Ask HN: Extreme, but workable cost-cutting measures? - revolutiongroup

Looking for new cost-reducing ideas that have been prompted by this economic crunch?
Frugal business operation is a common theme here, but to be honest, until now I’d never considered power-saving light bulbs. Odd, even off the wall ideas have been circulating in my head - reselling windows licenses and moving to Ubuntu, gas/bike powered generators, positioning for tax breaks, creating a non-profit offshoot company, relocating from MA to NH etc.<p>Anyone had strikes of brilliance prompted by necessity recently?
======
lsc
so long as you can still make money, you need to be careful with this... it is
easy to spend an hour saving $10, but if you bill out at $80/hr, that doesn't
make sense, unless you can't find any work at all.

Personally, looking over my personal expenses, I see I can save a lot of money
eating in more. However, I think the returns diminish quite a lot when
choosing cheaper raw materials over more expensive raw materials. Either way,
groceries are still so cheap that it's not worth the time to optimize. (but
then, I'm not really an organic/premium guy.. I guess for some people looking
at that might make sense)

same thing in the business... optimizing the co-lo costs makes a lot of
sense... but saving a hundred bucks per server by not using hot-swap drives is
a false economy. It only takes one bad drive (and the resulting downtime) to
pay for a whole bunch of hot-swap bays.

I think usually the easiest way to save money is to look for 'premium'
services. If you are buying $15/Lb 'premium organic' beef, eh, you might want
to think about switching to the normal steak at $5/lb. If you are going with
rackspace.com, you might want to look at a less expensive hosting provider.
(generally speaking, if you have to ask how much it costs, you are getting
overcharged. If you have to talk to a sales guy to buy the product, remember
that his salary is being added to the cost of your product.)

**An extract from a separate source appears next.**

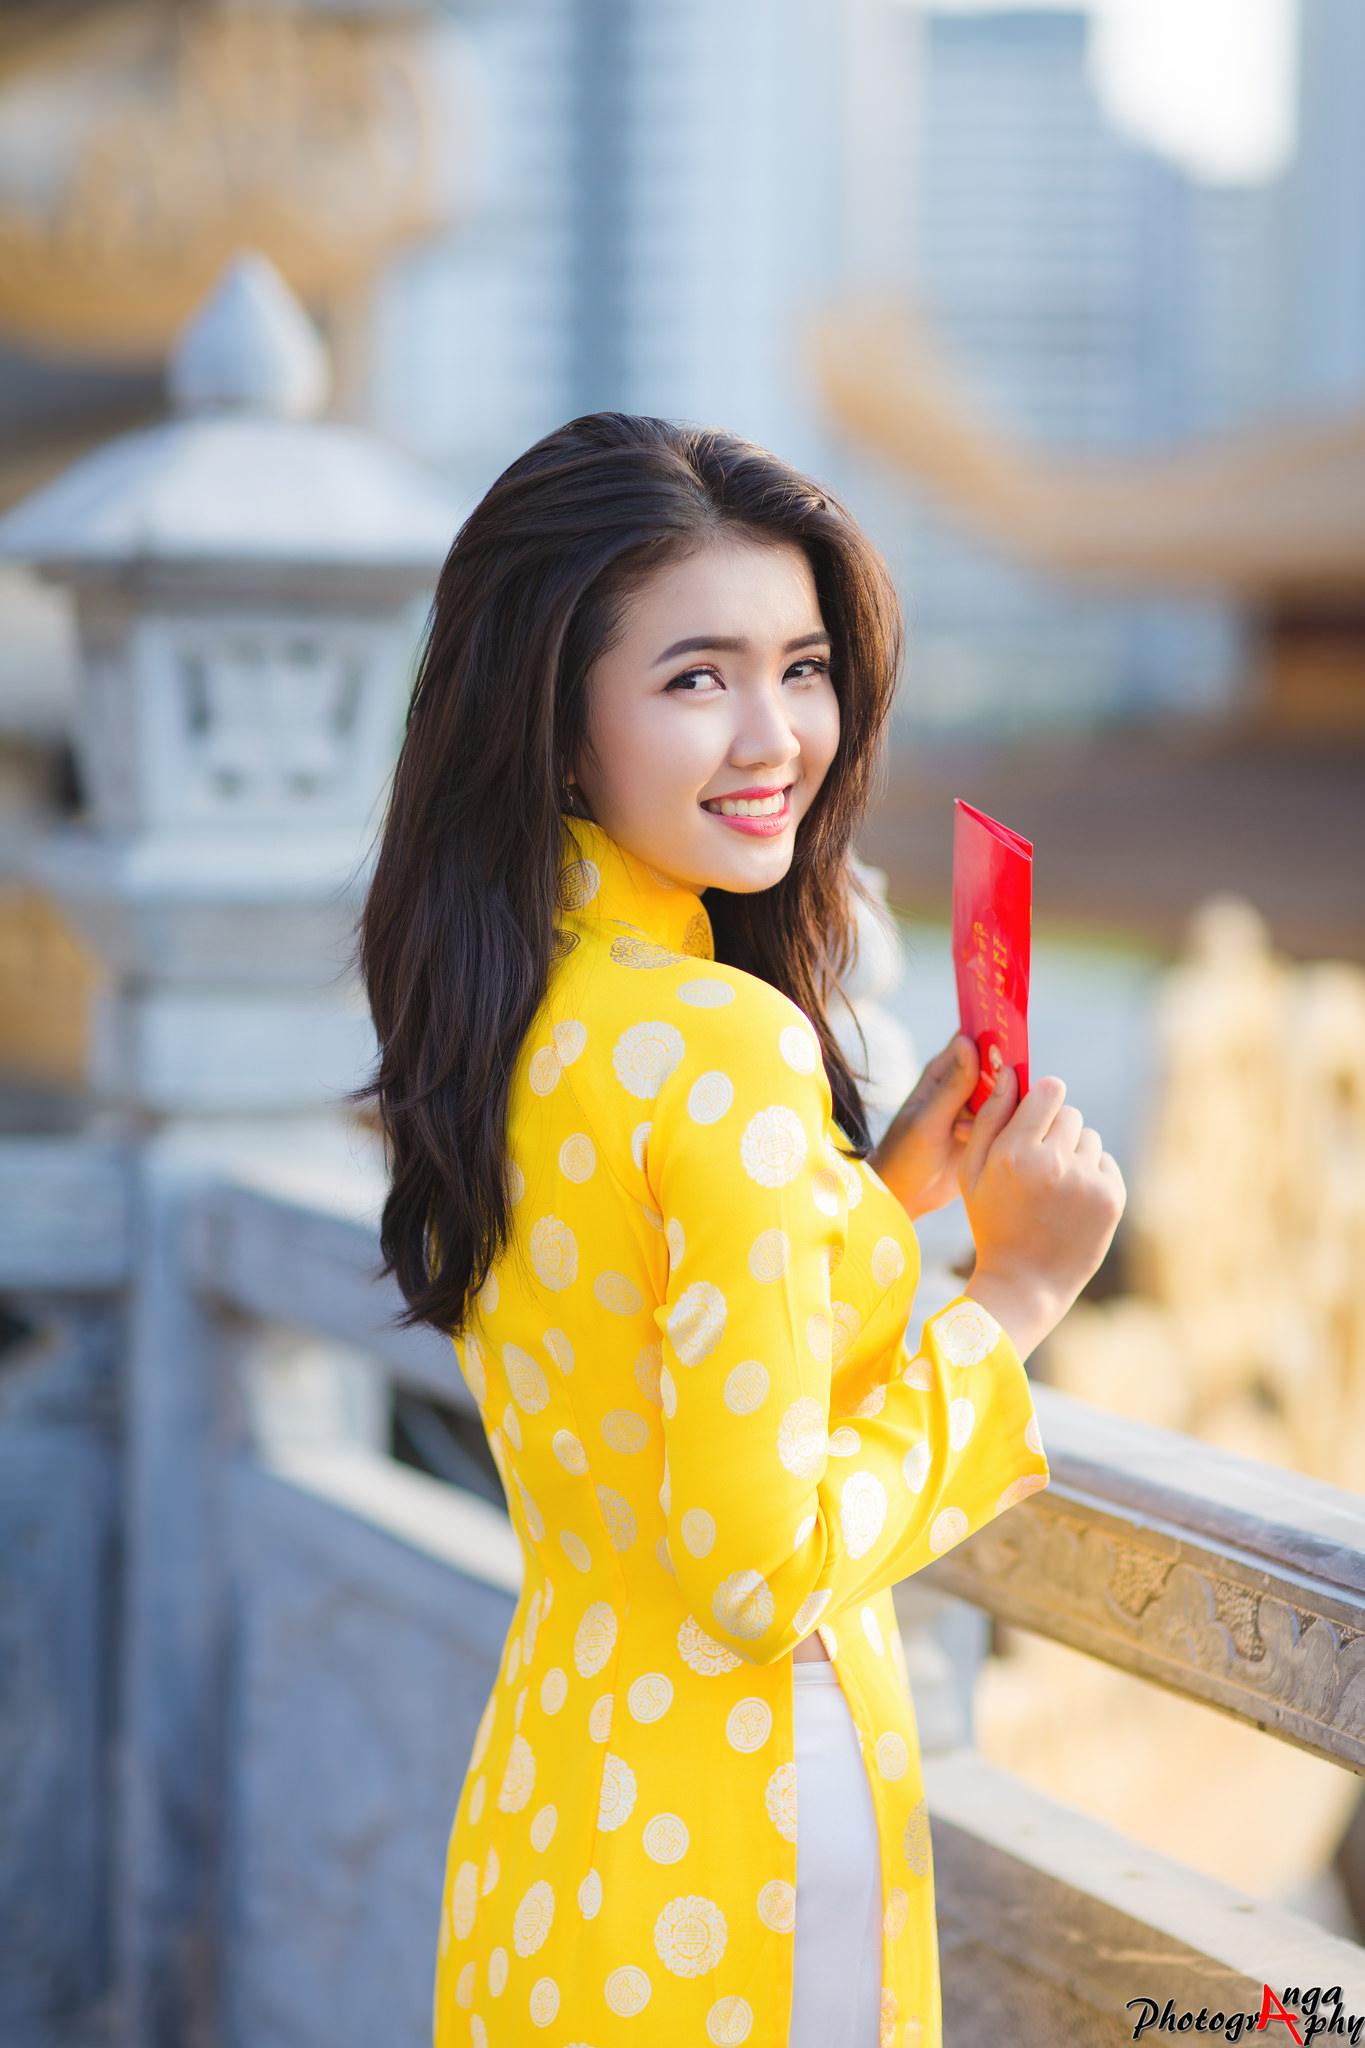 Tuyển tập girl xinh gái đẹp Việt Nam mặc áo dài đẹp mê hồn #60 - 16

Another thing to point out here is the premium for renting servers. At what I
pay (that is, small business prices) I can usually build servers for what it
costs to rent them for two to three months. Sure, ec2 is great if the servers
are only on a few hours a day, but you can save a whole lot of money by moving
your core servers to dedicated boxes you own and co-locate.

"Never buy from a rich salesman. Always use a rich lawyer"

Remember that the confidence and good looks of the salesguy have zero
correlation to the reliability of the service, and usually have a inverse
correlation to the value for the dollar of a service. Good salesguys are
expensive. If you like that sort of thing, during good times, it's fine to
spend the extra money and get the guy to take you out to lunch. But during the
hard times, that's a premium you maybe should look at giving up.

Let employees work from home, if you can give up the office. If you are good
at communicating over the computer, think of hiring people to work from home
in the midwest or the south.

Drop your recruiting firm or body shop. Hire directly through contacts, or if
worst comes to worst, craigslist. Usually headhunters add little value, and
they are quite expensive. (actually, my experience has been that body shops
give you the resumes of mediocre people. They do cull the worst, but they also
cull the best, has been my experience.) Going through resumes isn't that hard,
and really it's something you can probably do better than most headhunters.
The layoffs are cutting pretty deep, even people who are moderately good are
getting the axe now. And fresh graduates? good god. Times are tough for
them... more and more people with degrees (and even a little experience) are
moving into my price range.

------
mechanical_fish
_reselling windows licenses and moving to Ubuntu_

That's almost certainly false economy, unless you've already spent the time to
switch OSes for other reasons (which is perfectly possible!) and you've got
multiple Windows licenses gathering dust.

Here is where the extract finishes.